▶ Exercise aim
Reproduce precisely the lines of the listing below, starting with the line that contains "Grandad's Memorial Do, The" and stopping after the line that contains "Clint Eastwood blowing"; include nothing else.

▶ Records for processing
*-*-*

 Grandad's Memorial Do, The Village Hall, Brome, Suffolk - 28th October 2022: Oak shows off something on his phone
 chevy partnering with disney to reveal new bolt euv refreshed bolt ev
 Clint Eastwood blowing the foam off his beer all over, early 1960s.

*-*-*

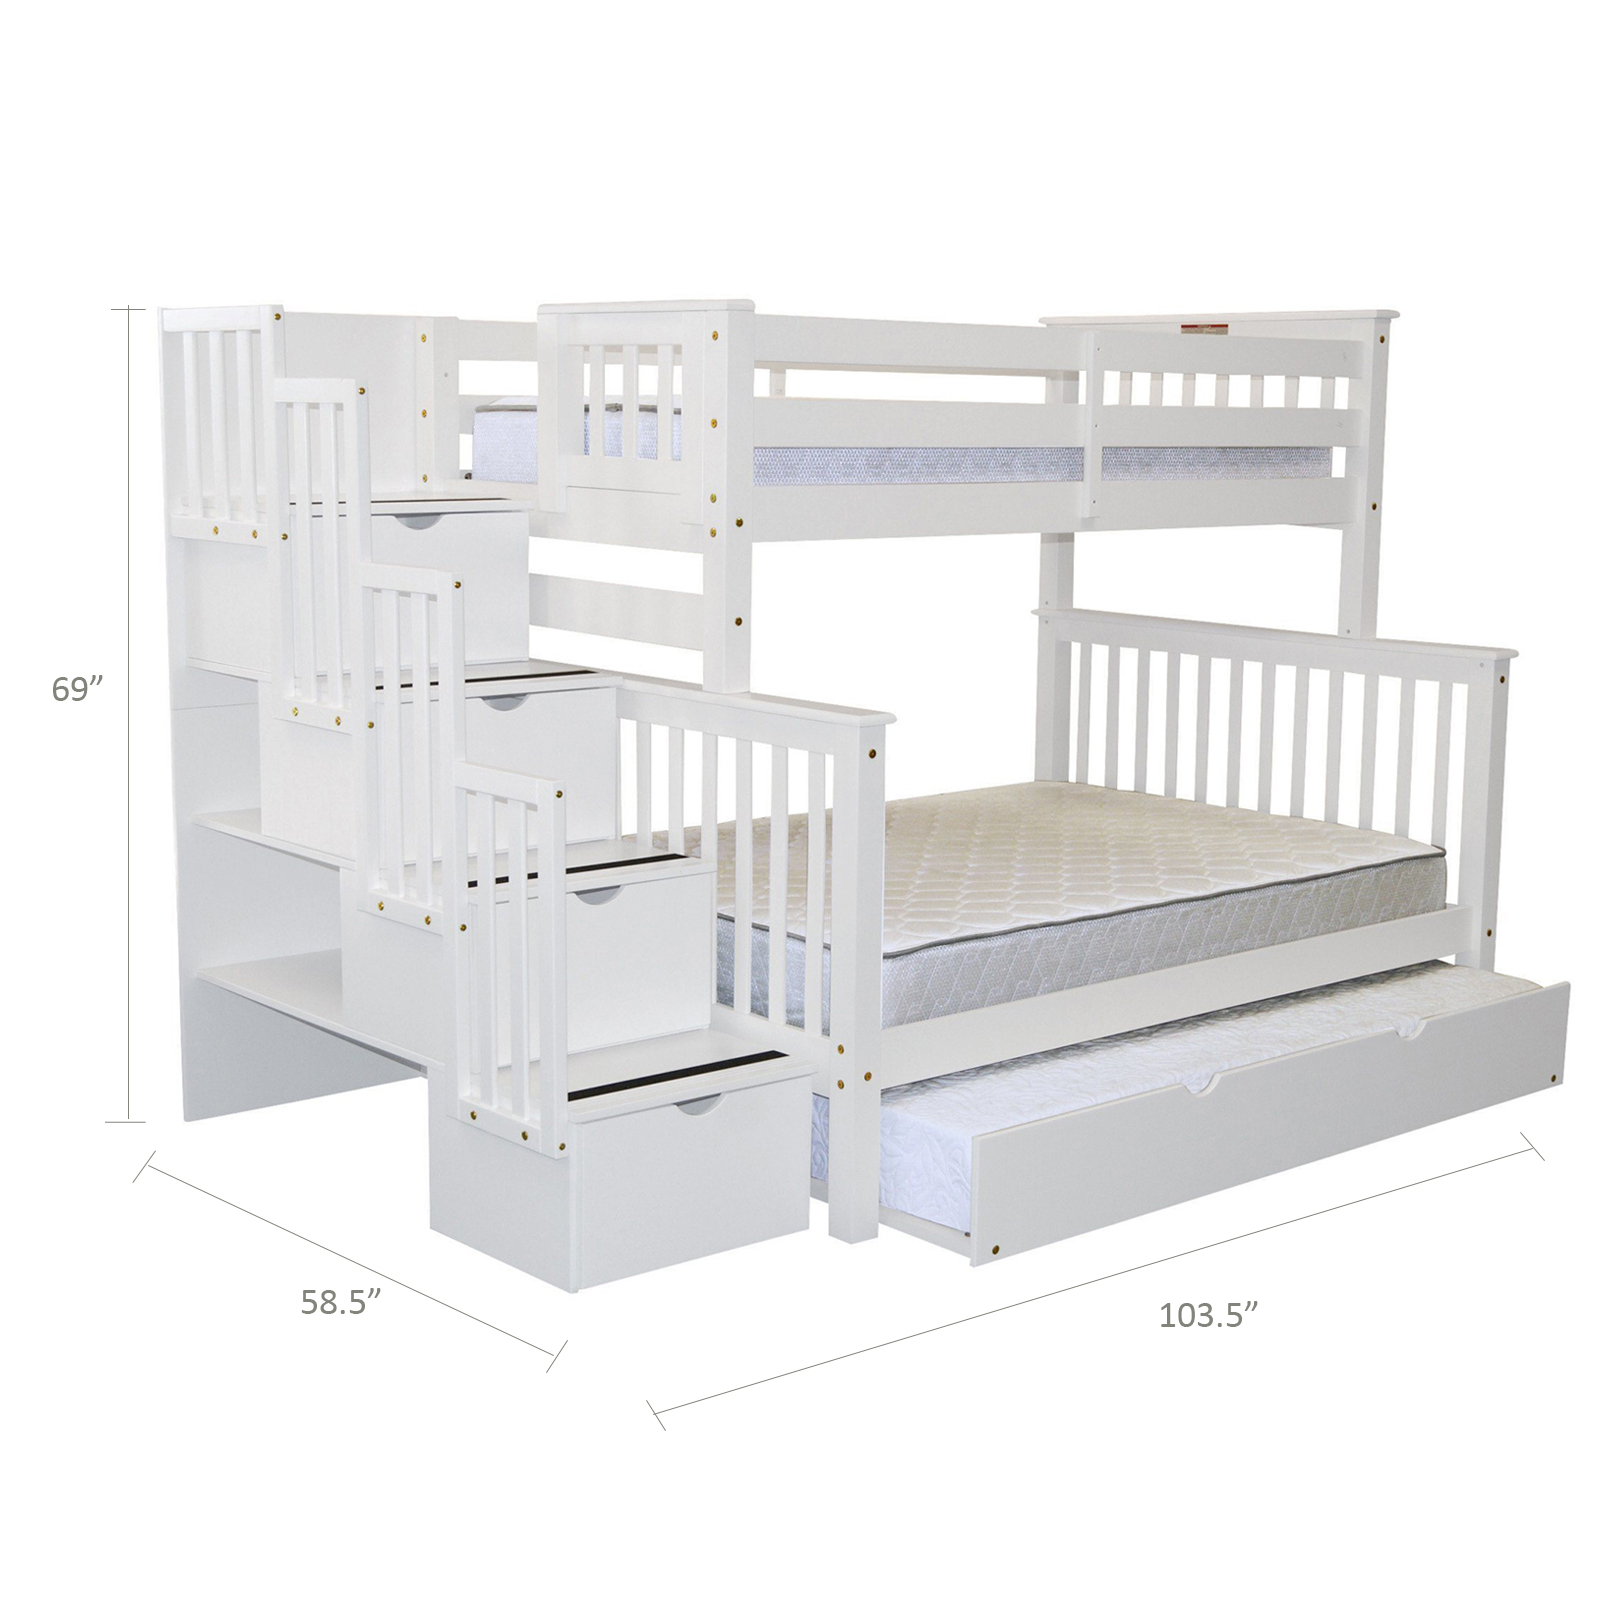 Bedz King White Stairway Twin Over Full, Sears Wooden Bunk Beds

*-*-*

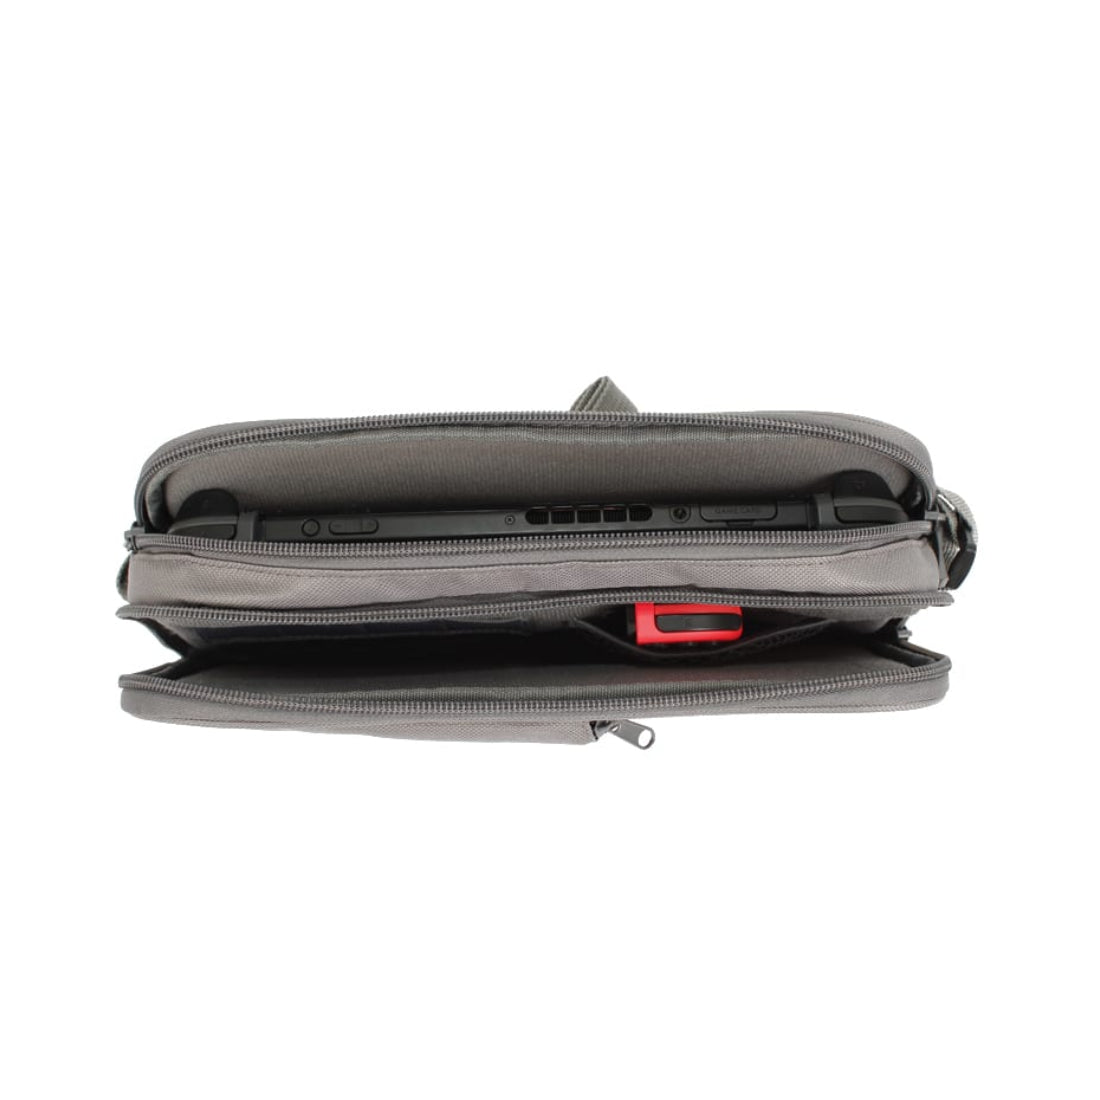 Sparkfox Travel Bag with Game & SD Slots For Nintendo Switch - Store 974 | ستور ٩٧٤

*-*-*

▶ Solution for this task
 Grandad's Memorial Do, The Village Hall, Brome, Suffolk - 28th October 2022: Oak shows off something on his phone
 chevy partnering with disney to reveal new bolt euv refreshed bolt ev
 Clint Eastwood blowing the foam off his beer all over, early 1960s.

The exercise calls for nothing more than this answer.